Dell Technologies Co-COO Chuck Whitten said Dell’s “ground to cloud” capabilities extend advanced storage software out to the public clouds, while Dell’s “cloud to ground” products can return that cloud experience to the data centers.

“True multi-cloud by design requires something easy to say and very hard to do: the freedom to run workloads wherever your business needs dictate, unconstrained by technology,” he said. “Running the right workloads in the right environment, giving developers access to the innovations across the cloud ecosystem—we are significantly expanding from where we have been and officially can say that we are now the world’s most comprehensive as-a-service and multi-cloud portfolio that spans from the data center to the public cloud and now to client devices.”

The storage products give partners a simple way to manage highly complex infrastructure tasks such as setting up hybrid cloud architectures and migrating on-premises workloads to the cloud, according to Rick Gouin, CTO of Winslow Technology Group, a Dell Platinum Partner based in Boston.

“If we wanted to replicate that environment into AWS we might use AWS DRS. Then if we wanted to switch that from AWS to Azure we would then have to use Azure’s tooling. What Dell is giving us here with Project Alpine are endpoints in the cloud. So that way we are replicating from Dell device to virtual Dell device. Now I can move that between clouds and it doesn’t change.”

When he described the products to reporters after the keynote, Dell said much of what the company is doing with Apex is “industrializing” its managed services to be deployed with “enormous rapidity and efficiency with customers of all types.”

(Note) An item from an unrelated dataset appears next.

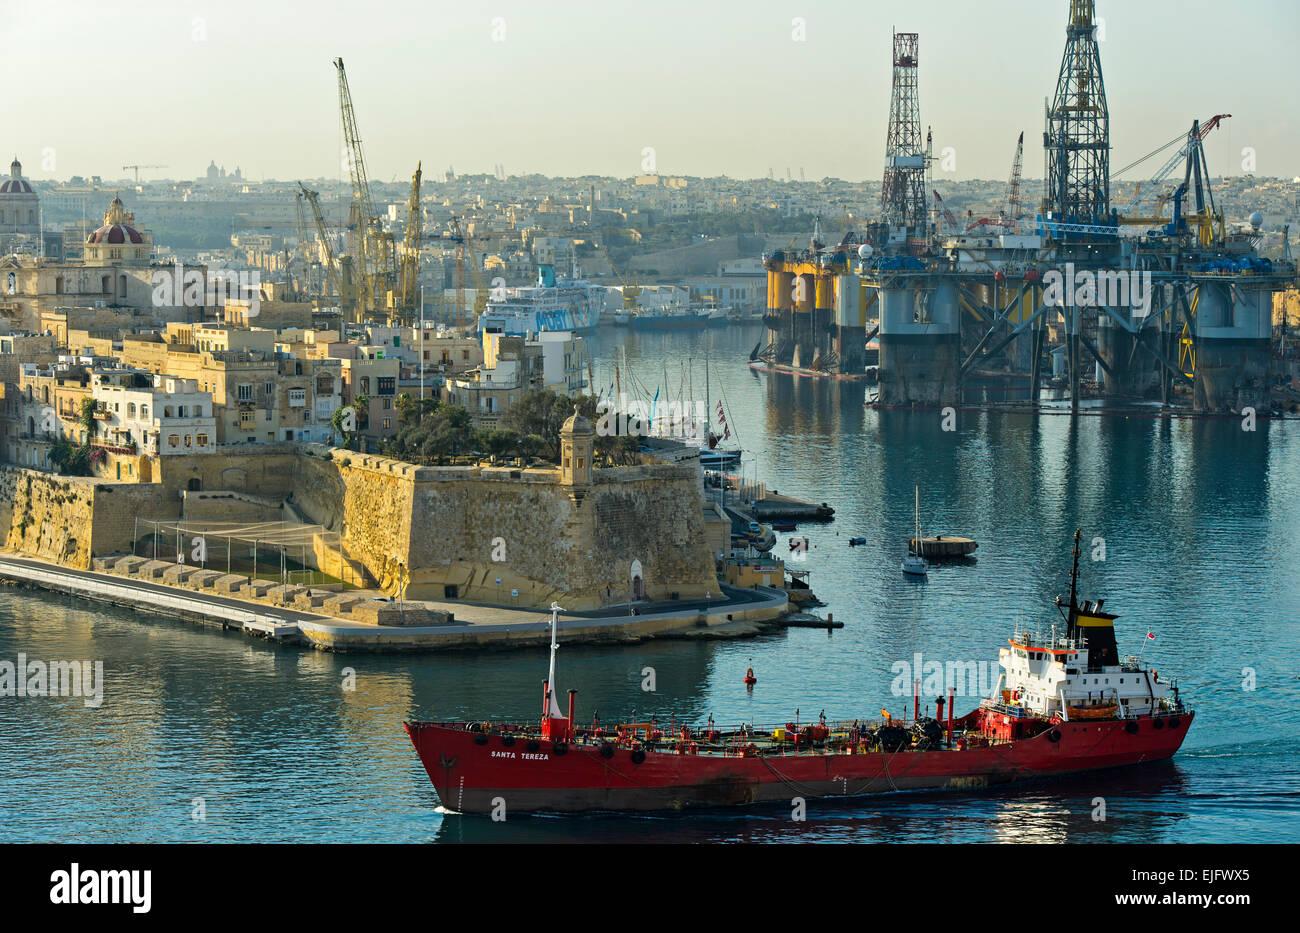 Les transporteurs de produits chimiques dans le port de Santa Tereza Grand Port de La Valette, Malte Photo Stock

Whitten summarized the theme of Dell’s Apex offerings with four questions: “Would you like to buy your infrastructure? Would you like to subscribe to your infrastructure? Would you like to subscribe to your infrastructure with layers of managed services either through us or through a partner? And would you like all of that in a modern cloud experience?”

Josh Lee, CTO at VirtuIT, a Nanuet, N.Y.-based Dell Platiumn Partner, said he sees the ease of relocating workloads as returning power to the end user when it comes to selecting the best environment from which to run their organization’s data. That eliminates a pain point.

He said while he would like to better understand where the partner fits into that relationship, there are numerous partner-facing benefits to what he has seen so far.

“If this really has a good control plane where you can move workloads, that’s going to be something that a lot of our customers would want to talk about because most of them are in at least two public clouds,” Lee said. “Even people who want to repatriate. It can just be a pain to move it. You have to have the expertise and tools. And you may have to have the expertise and tools for where you are leaving and where you are going to make it work right.”